Corals. Stunningly beautiful, in all shapes and colors, alive or petrified they have much impact on our planet and our imagination. Not only are they beautiful and mysterious, they also create underwater structures known as reefs, which fringe shores and islands, construct maritime barriers and ridges, and even build entire coral islands or atolls.  Biologists call coral “biogeomorphic agents” because they shape the environment in a profound and large-scale manner.  But what are corals?

Corals build beautiful and infinitely complex ecosystems, hubs of life and biodiversity. In the photograph a coral reef at the Palmyra Atoll National Wildlife Refuge in the Pacific Ocean, by Jim Maragos/USFWS

The coralline conundrum

The definition of a coral has always been very slippery and the more we know about them the harder it becomes to define them. Even today, with our developed taxonomic knowledge, biologists find it difficult to provide a brief and clear answer.  In a review paper on corals, in the Encyclopedia of Islands no less, Daphne Fautin and Robert Buddemeier begin their article by stating this clearly: “The term “coral” is neither scientific nor precise”.  After a short and rather cryptic definition (at least to non-specialists), according to which corals are “cnidarian polyps capable of secreting skeletons that contribute to formation of reefs,” they go on for two densely printed pages to explain what a coral is and what it is not among the swarm of “sessile” oceanic life, meaning those sea creatures stuck to the seabed. For every definition they offer they also provide numerous exceptions creating a taxonomic maze.  Indeed, the term coral is neither scientific nor precise.

The “coral of life”. This drawing shows the major taxonomic groups of “corals” and their evolutionary relationship. The famous precious corals, including the Mediterranean red coral or Corallium rubrum, belong to the Octocorallia branch. The original drawing by Ryan Cowan is here reproduced from Malcolm Shick’s splendid 2018 book Where Corals Lie. A natural and cultural history.

In short, corals are relatives to stingy jelly fishes and sea anemones and they all belong to a large animal group called cnidarians (those that sting). There are solitary corals and corals that form colonies; there are reef builders with hard skeletons, soft corals, false coral, corals that resemble musical instruments (see, for example, the entry for Tubipora musica in the World Register of Marine Species), antlers, hammers, stars, cups, cushions, leather, ivory, feathers, fingers, brain, fire, lettuce and many more!

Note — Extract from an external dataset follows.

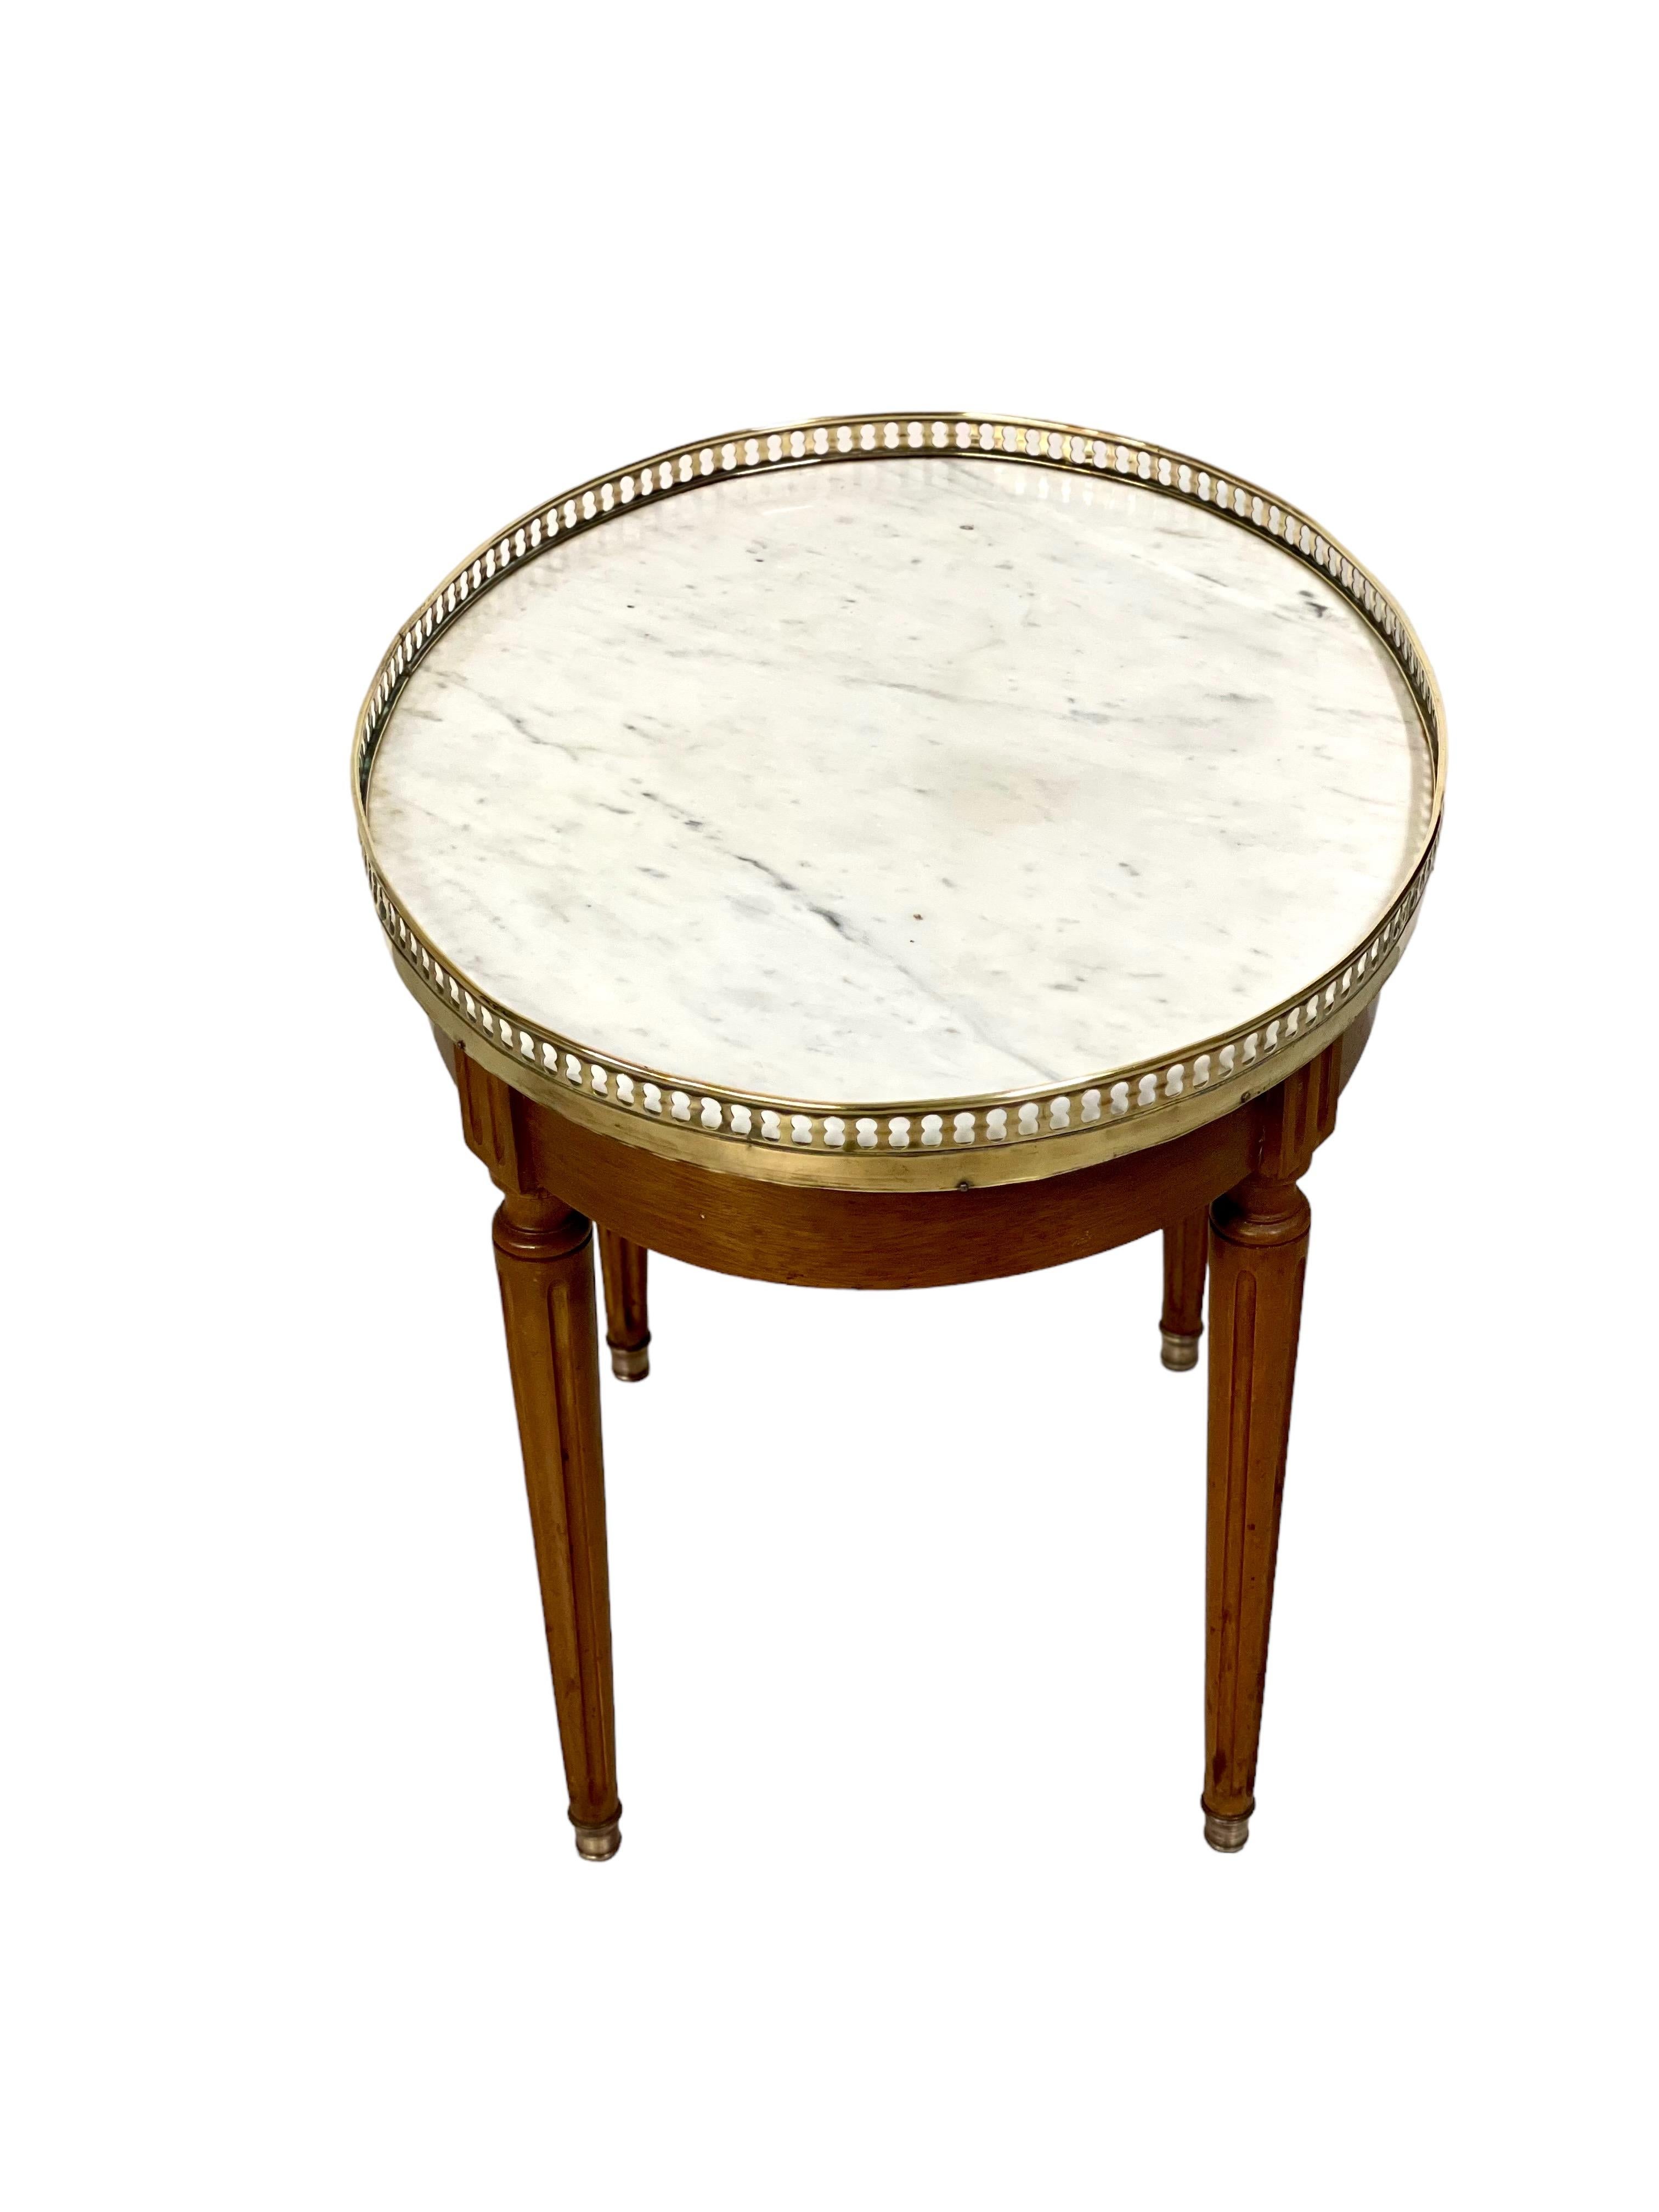 A charming Louis XVI style occasional table featuring an inset circular grey and white veined marble top, with a reticulated brass gallery edge. This oval-shaped table is raised on four turned and tapering fluted legs terminating in brass feet. In

This magnificent organ pipe coral also goes by the Latin name Tubipora musica and is a soft coral with a hard skeleton of calcium carbonate (upper image) that forms a series of interconnected organ-like tubes. In each tube live several polyps, each having eight feather-like tentacles. The skeleton of this coral is bright purple in color but the colony itself may appear blue, green or purple depending on the color of is polyps (lower image). This is just one example of the endless combination of shapes, colors and life forms in the coral world.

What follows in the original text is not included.